Estudo revela rosto de múmia sem remover bandagens

Os egípcios acreditavam na vida após a morte mas, se quisessem aproveitar o outro mundo, seus corpos tinham que sobreviver. Para isso, eram embalsamados. Hoje, milhares de anos depois, eles se tornaram alvo de interesse para a ciência. Apesar disso, a alma de alguns egípcios pode continuar a descansar em paz — ao menos no que depender de pesquisadores italianos.

Modelo em resina do crânio e reconstituição final do rosto de um artesão
embalsamado no Egito antigo (fotos: American Journal of Roentgenology )

Uma equipe de radiologistas, antropólogos e cientistas forenses da Universidade de Turim revelou o rosto da múmia de um egípcio que viveu há quase 3 mil anos sem remover as bandagens de seu corpo. A reconstituição foi feita a partir de uma tomografia computadorizada utilizada pela primeira vez para produzir um molde detalhado em três dimensões da face egípcia.

“A única outra maneira de obter essa informação seria se retirássemos as bandagens, o que destruiria a múmia ou alteraria suas condições de conservação”, afirma o radiologista Federico Cesarani, principal autor do estudo publicado em setembro na revista American Journal of Roentgenology .

A múmia que serviu de base para a pesquisa preserva o corpo de um artesão egípcio chamado Harwa e pertence à coleção do Museu Egípcio de Turim. Ele viveu aproximadamente entre os anos de 945 e 715 a.C. e sua múmia foi encontrada na antiga cidade de Tebas em 1903 pelo arqueólogo Ernesto Schiaparelli.

O corpo de Harwa passou por scanners que geraram mais de 1,5 mil imagens tridimensionais que serviram de base para obtenção de dois moldes feitos de náilon e resina. O primeiro protótipo era uma reprodução em escala real do crânio; o segundo, moldado sobre a primeira peça, era a face do artesão reproduzida a partir da visualização de resíduos de tecidos de seu rosto ainda presentes por baixo das bandagens. O egípcio tem uma orelha praticamente inteira, partes do nariz e dos lábios intactas, mesmo depois de 2800 anos.

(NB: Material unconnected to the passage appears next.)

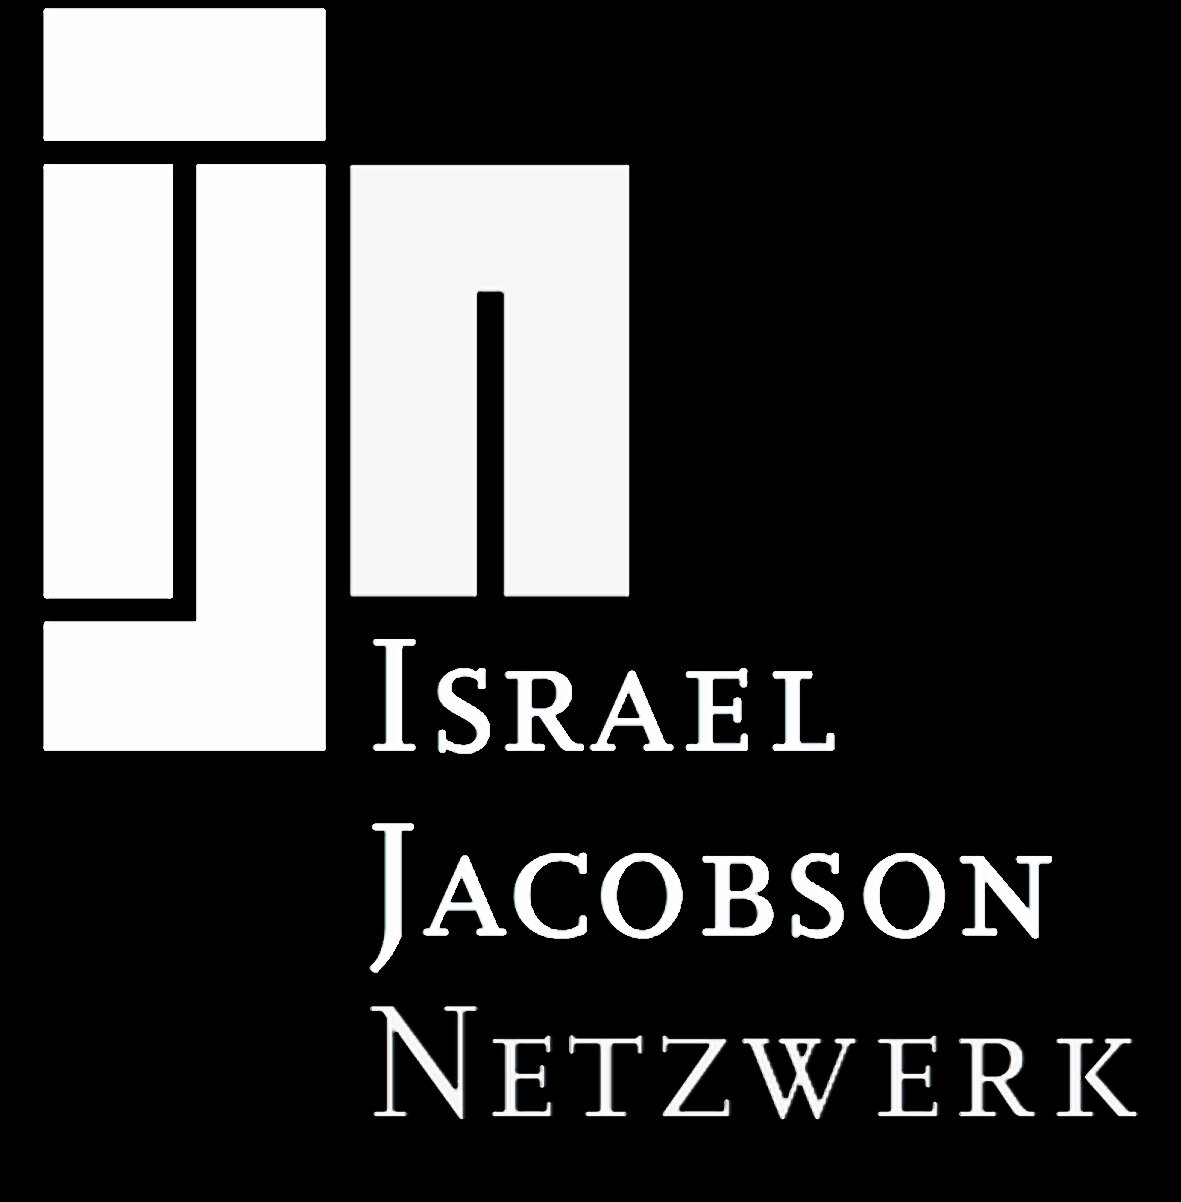 Israel Jacobson Netzwerk inverted.jpg

O grau de detalhamento atingido foi elevado: os cientistas observaram as imagens formadas em pedaços de apenas 6 mm, o que permitiu até determinar que o egípcio tinha um sinal congênito na têmpora esquerda. A análise mostrou que Harwa tinha cerca de 45 anos quando morreu.

Os cientistas enfatizam que não foi possível verificar se o rosto de Harwa era gordo ou magro. “As cavidades musculares são claramente visíveis nos ossos do crânio, o que nos ajudou a deduzir a grossura dos músculos”, esclarece o artigo de Cesarini. “Mas a gordura não deixa esses sinais.”

Para evitar erros e por não dispor de dados suficientes, os cientistas preferem não especular sobre a cor da pele, dos olhos e o tipo de cabelo e barba de Harwa. Por isso seu rosto foi reconstituído de olhos fechados. “A nova técnica pode ajudar a polícia a identificar corpos, ensinar aos antropólogos mais detalhes sobre indivíduos de sociedades antigas e auxiliar médicos a compreender doenças que afligiam essas pessoas”, conclui Cesarani.